Виталий Фил

Без ИМЕНИ

Но это было бы слишком предсказуемо, и он этого делать не стал. Потому что и не смог бы.

Ярость потока немного улеглась. Он унёс меня на значительное расстояние, так далеко, что я потерял всякую возможность ориентироваться во времени. Поток выкинул меня на берег и понёсся дальше, подобно Дону Кехане Ламанчскому, совершенствуясь в своём безумии. Оно и понятно, ведь привычное и обыденное не интересно. Оно ведь понятно всем и каждому. Вот, то, что понятно только тебе одному - вот это интересно. А еще лучше, когда оно и тебе не понятно.

тут конечно надо было еще чего-нибудь умное написать, чтоб ты подумал, какой я крутой гуру, но ничего в голову не пришло, а место оставалось. Вот я и написал: рыба рыба рыба рыба рыба рыба рыба рыба рыба рыба рыба рыба рыба рыба рыба рыба рыба рыба рыба рыба рыба рыба рыба рыба рыба рыба рыба рыба дышала жабрами, вращая своими выпуклыми глазами. Она видела всё, но не скажет, как…

Вчера по городу ходил Бог и прощал карму всем встречным. И меня встретил, но пожалел…

Мой модем, наконец, пробил завесу занятых линий и сейчас я выйду в Сеть. Выйду и остановлюсь в раздумьях. Что Сеть, что реал - одна сплошная иллюзия. Или одна сплошная реальность, это кому как привычнее. Был такой мультфильм у японцев –«Лайн». Может, смотрел?

Это ужасное чувство: когда мучительно ищешь что-то, инстинктивно ощущаемое очень близко, но не можешь найти. Даже понять, чего же ты такое ищешь…

Бог слишком милосерден, иначе как еще объяснить все то, что происходит с нами? Тогда-то я и решил собирать крышки и кольца от всех выпитых бутылок и банок. Я жил наивной надеждой, что они могут сложиться в коне концов в карту духовных сокровищ или на худой конец поэтического вдохновения.

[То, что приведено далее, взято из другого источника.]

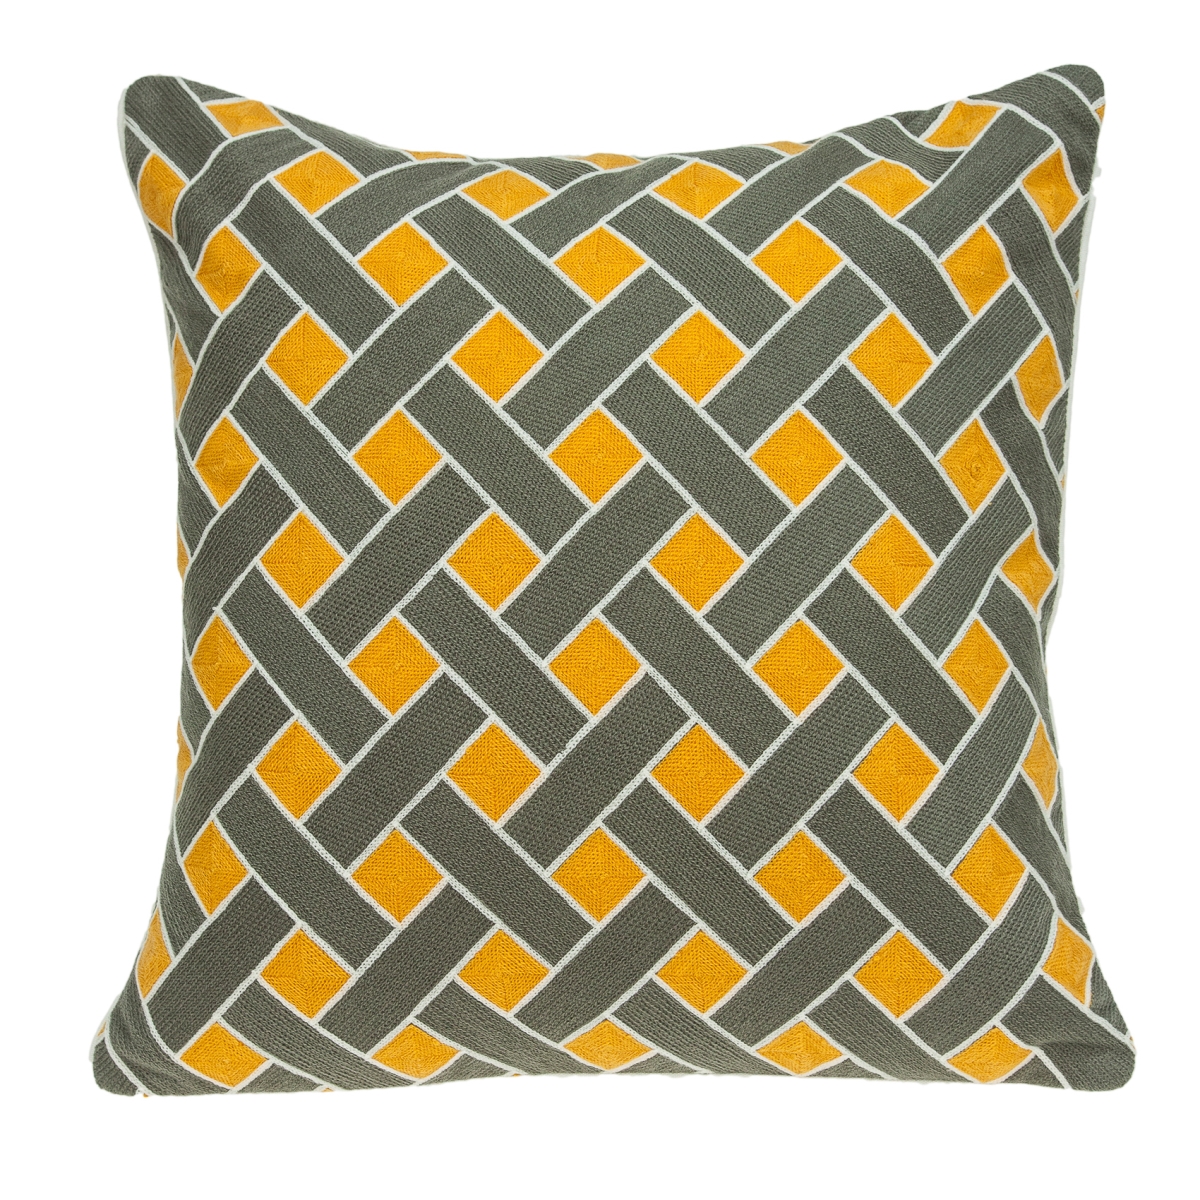 Pila11004p Kain Grey, Orange & White Square Transitional Pillow Cover With Poly Insert - 20 X 20 X 7 In.
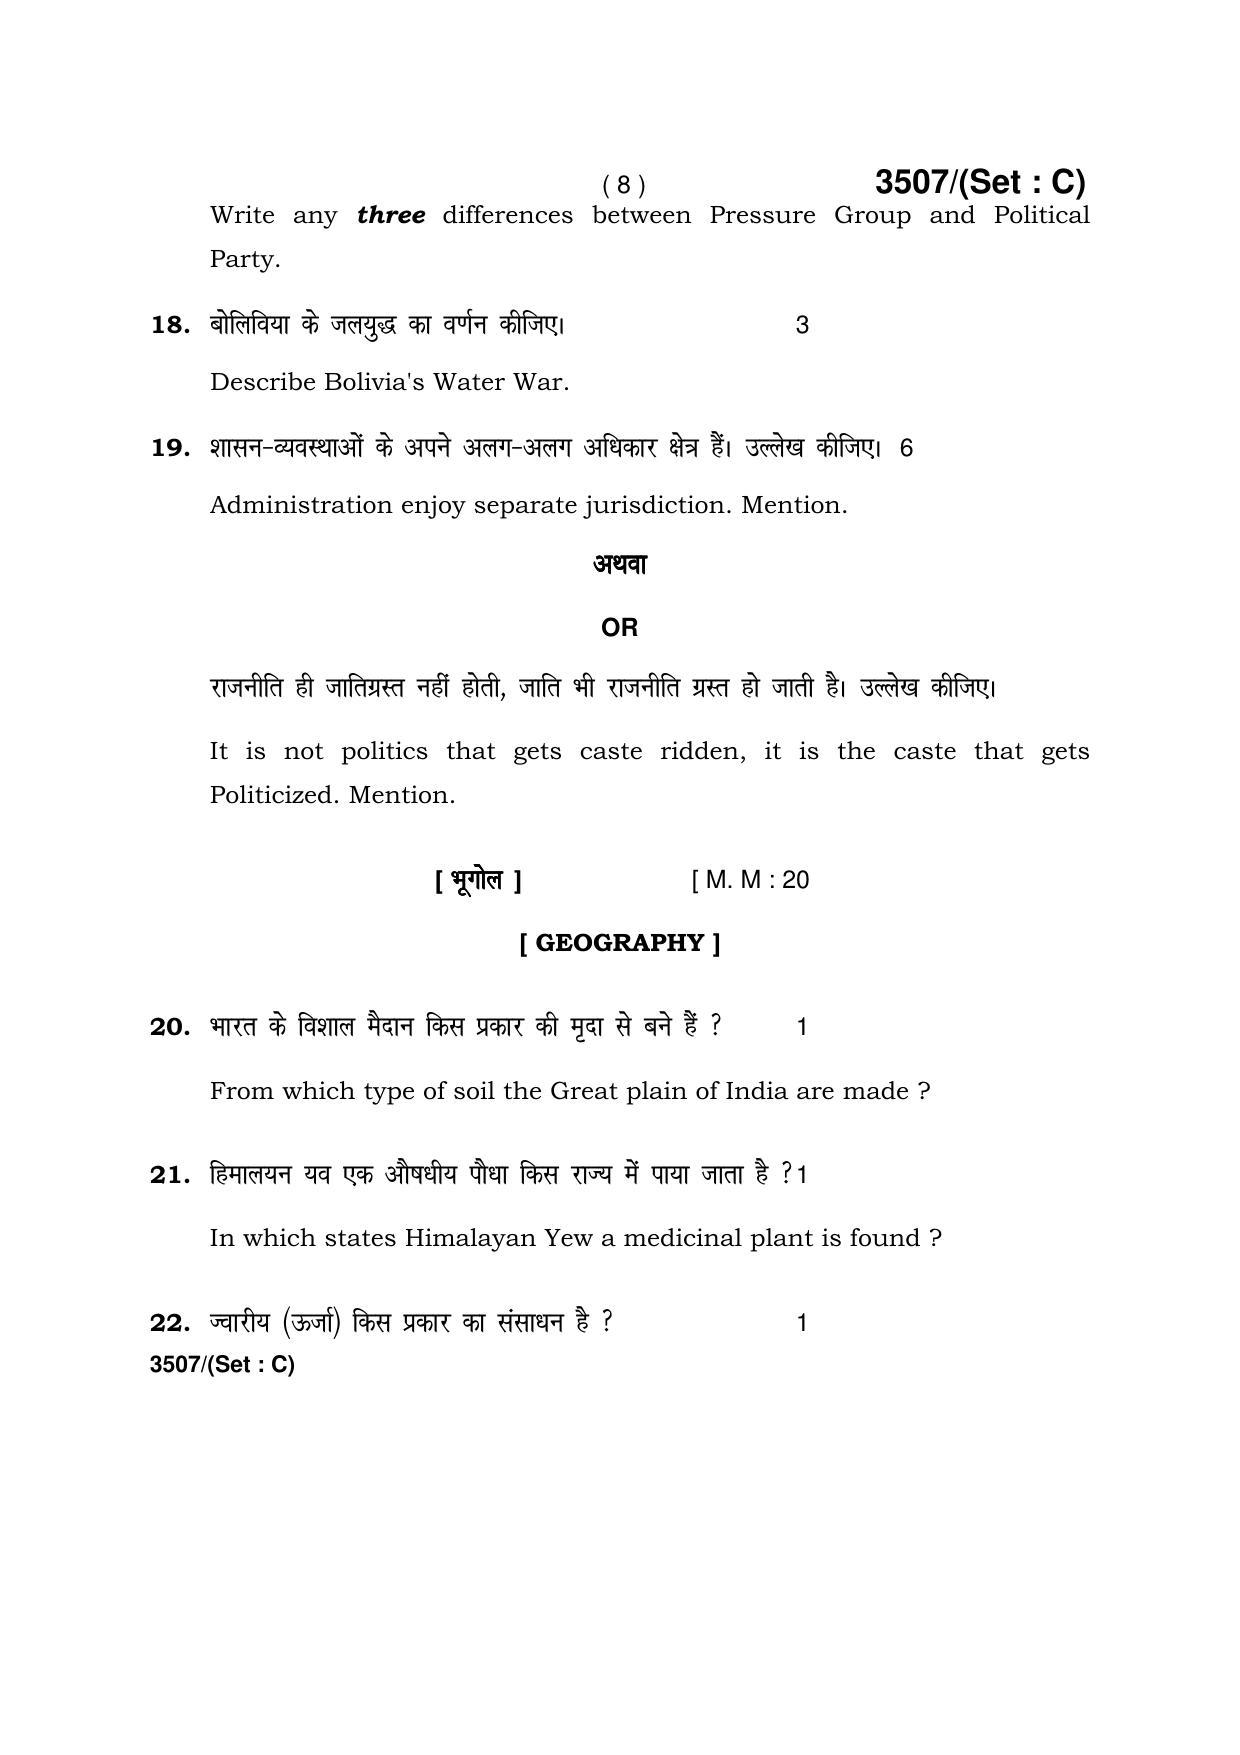  Haryana Board HBSE Class 10 Social Science -C 2018 Question Paper - Page 8

Я второй день открываю 'подлинную история the Beatles'… и то ли это всё вымысел, то ли истинная реальность и её иллюзорные складки. Играет радио, а я думаю, что это всё не правда. Она целует меня, а я занят мыслями о вокселях жидкокристаллического монитора. Что это? Неужели избыток мозговых тараканов.

Небо скоро треснет под напором наших кованых сапог, и мы увидим кусочек вселенского механизма.

Когда мне сказали, что я разговариваю сам с собой, я спросил: а что тут есть с кем поговорить?

Голова - это целое искусство, которое возникло благодаря самому себе.

Вот если бы я стал тем, 'кем надо', тем серьёзным, солидным, достойным господином, не занимающимся всякой ерундой… я бы просто перестал быть собой.

А есть ли тайна? Я долго гонялся за ним, перепрыгивая с острова на остров, теряя и вновь находя его след.

Тебе говорят 'бди!' А если ты не расслышал или не понял, еще раз 'бди!' Вот и весь разговор с двустволкой сторожа на колхозном складе.

Как я вспоминал потом, он отбил пробку об острую кромку камня и резким движением выпил чёрную остро пахнущую жидкость. Его глаза загорелись нездоровым пламенем. Скрюченная аляповатая фигура стремительно росла и раздавалась в плечах, покрывалась листами металлической и хитиновой брони, заклёпками и ремнями. Кончики пальцев разорвало стремительно растущими когтями из хромованадиевого сплава. Показались гофрированные шланги и механический глаз, пылающий фиолетовым кошачьим зрачком, смотрящий на меня сверху вниз.

- И пусть битва начнётся - прорычал он, презрительно сплюнув в сторону.

В сторону того, кто добровольно пришел ему на помощь. Того, кто сам искал его в течение долгих скитаний по лабиринтам наваждений. Того, кто желал ему только добра, кто существовал ради его блага.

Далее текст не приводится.